Tin and copper have been mined from the general area of Geevor since the late 18th century. It was originally a small enterprise known as Wheal an Giver, "a piece of ground occupied by goats". The area was worked under the name of East Levant Mine until 1840 and then as North Levant from 1851 to 1891 when it closed. During the 1880s as many as 176 workers were employed at the mine, but in the ten years after North Levant's closure the site saw only intermittent activity by a few miners.

At the turn of the 20th century a group of St Just miners who had emigrated to South Africa were forced to return by the outbreak of the Second Boer War. They leased the area and conducted more thorough prospecting, being encouraged enough to set up a company called Levant North (Wheal Geevor) in 1901. This was acquired by the West Australian Gold Field Company Ltd. in 1904 which brought together various mines under the name of Geevor Tin Mines Ltd. in 1911, not long after the price of tin had rapidly risen to £181 a ton in 1906 from a low of £64 in 1896.

The Wethered shaft (named after Oliver Wethered, one of the founders of the mine) was begun in 1909 and initial development occurred around it.
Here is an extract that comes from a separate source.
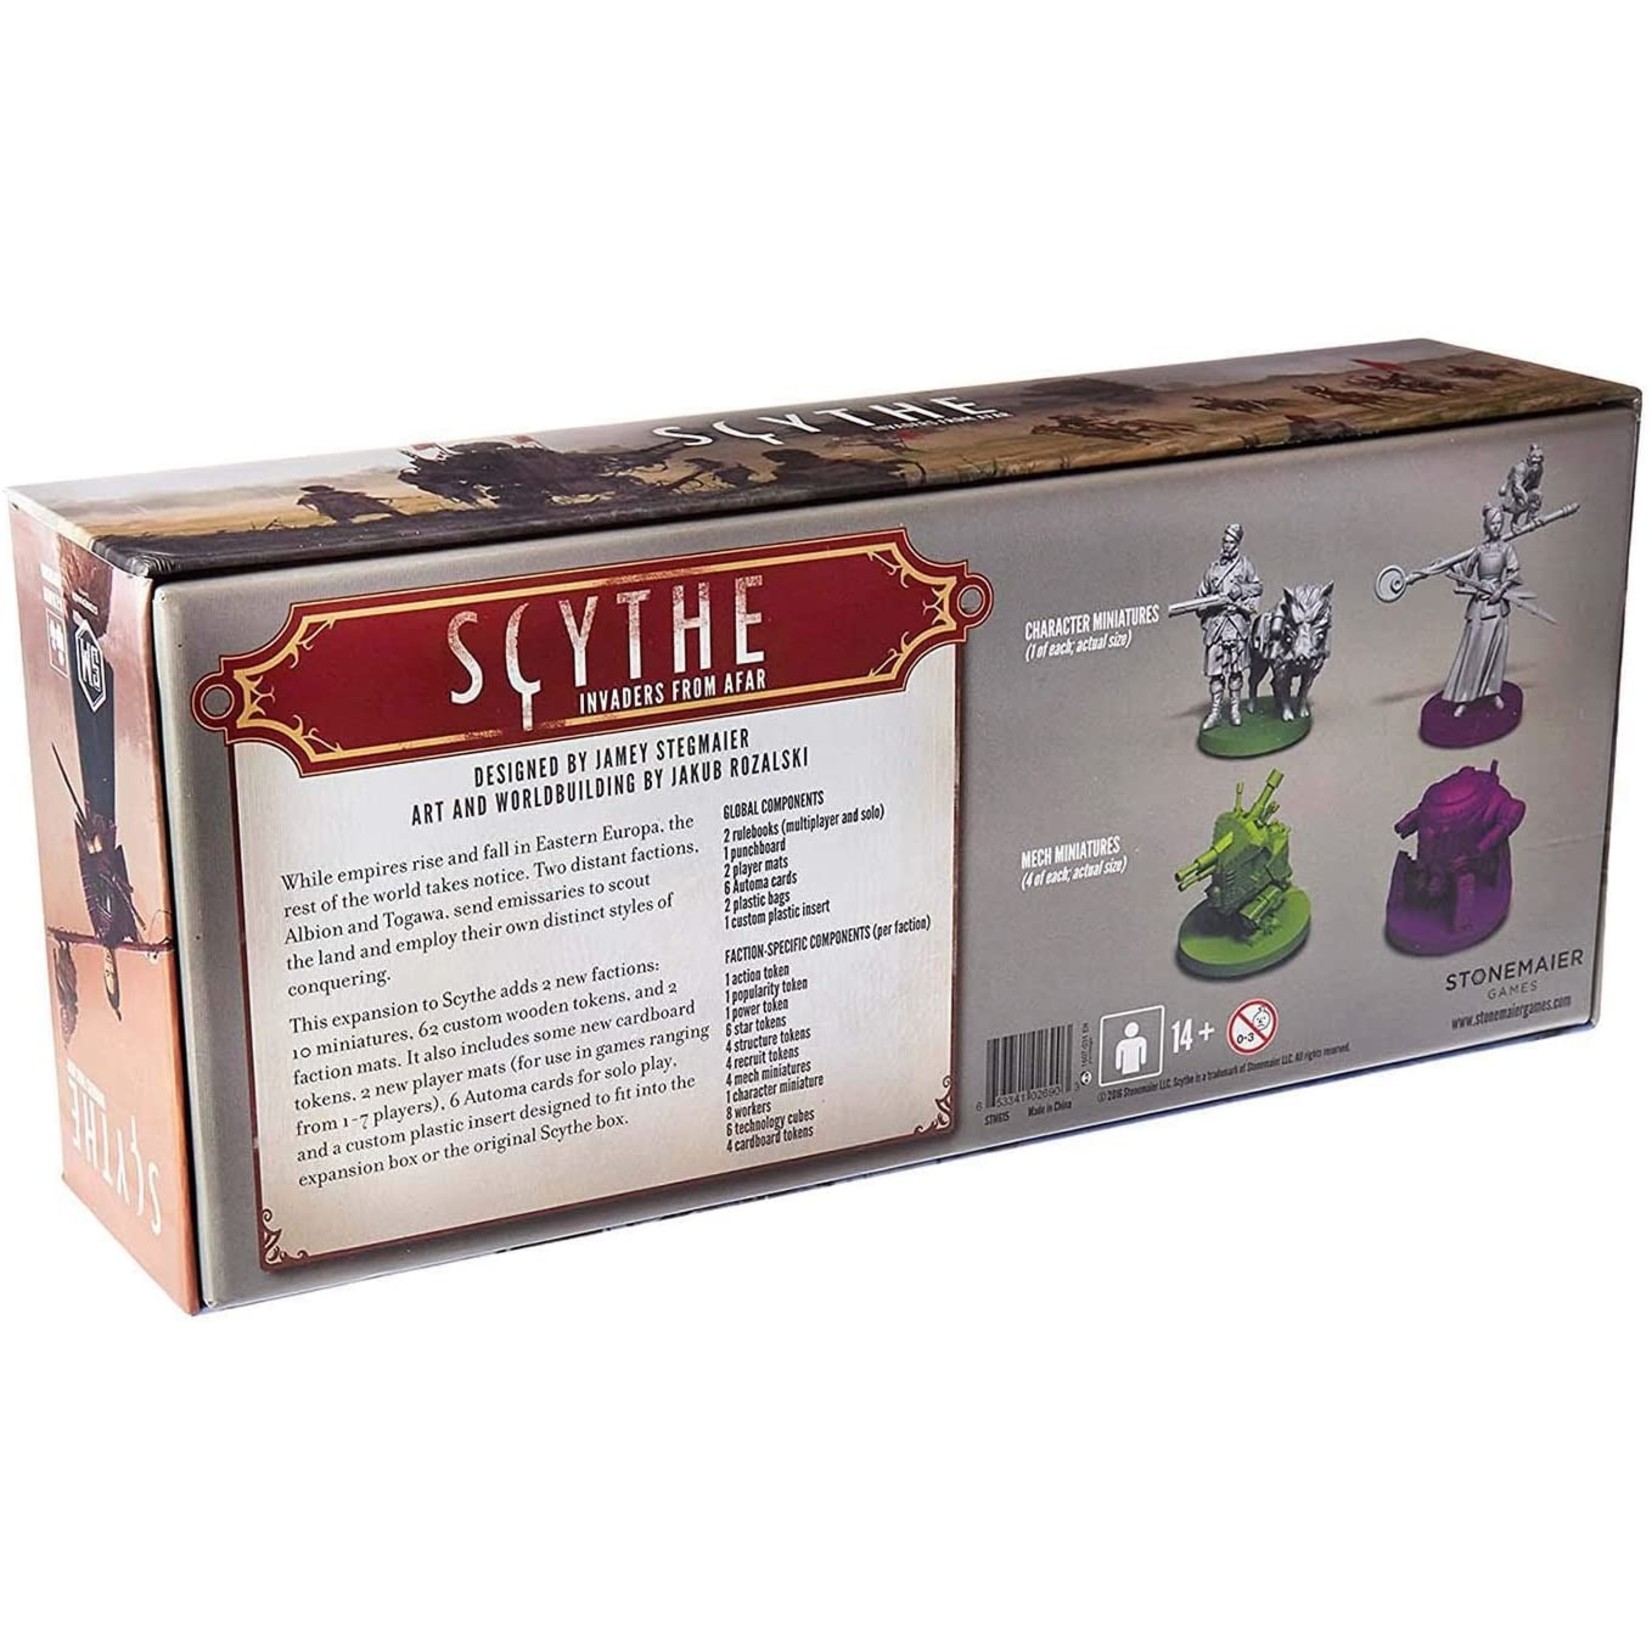 Scythe: Invaders from Afar Retail Edition Board Game Expansion

By 1919, the works were moving west toward the coastline and the Victory shaft (named to celebrate the end of the First World War) was sunk about 540 metres to the north-west. The mine suspended operations in 1921 and again for 12 months during the tin crisis in 1930 that permanently closed many other Cornish mines. In 1944 working through Wethered shaft was discontinued, but the Victory shaft continued in use.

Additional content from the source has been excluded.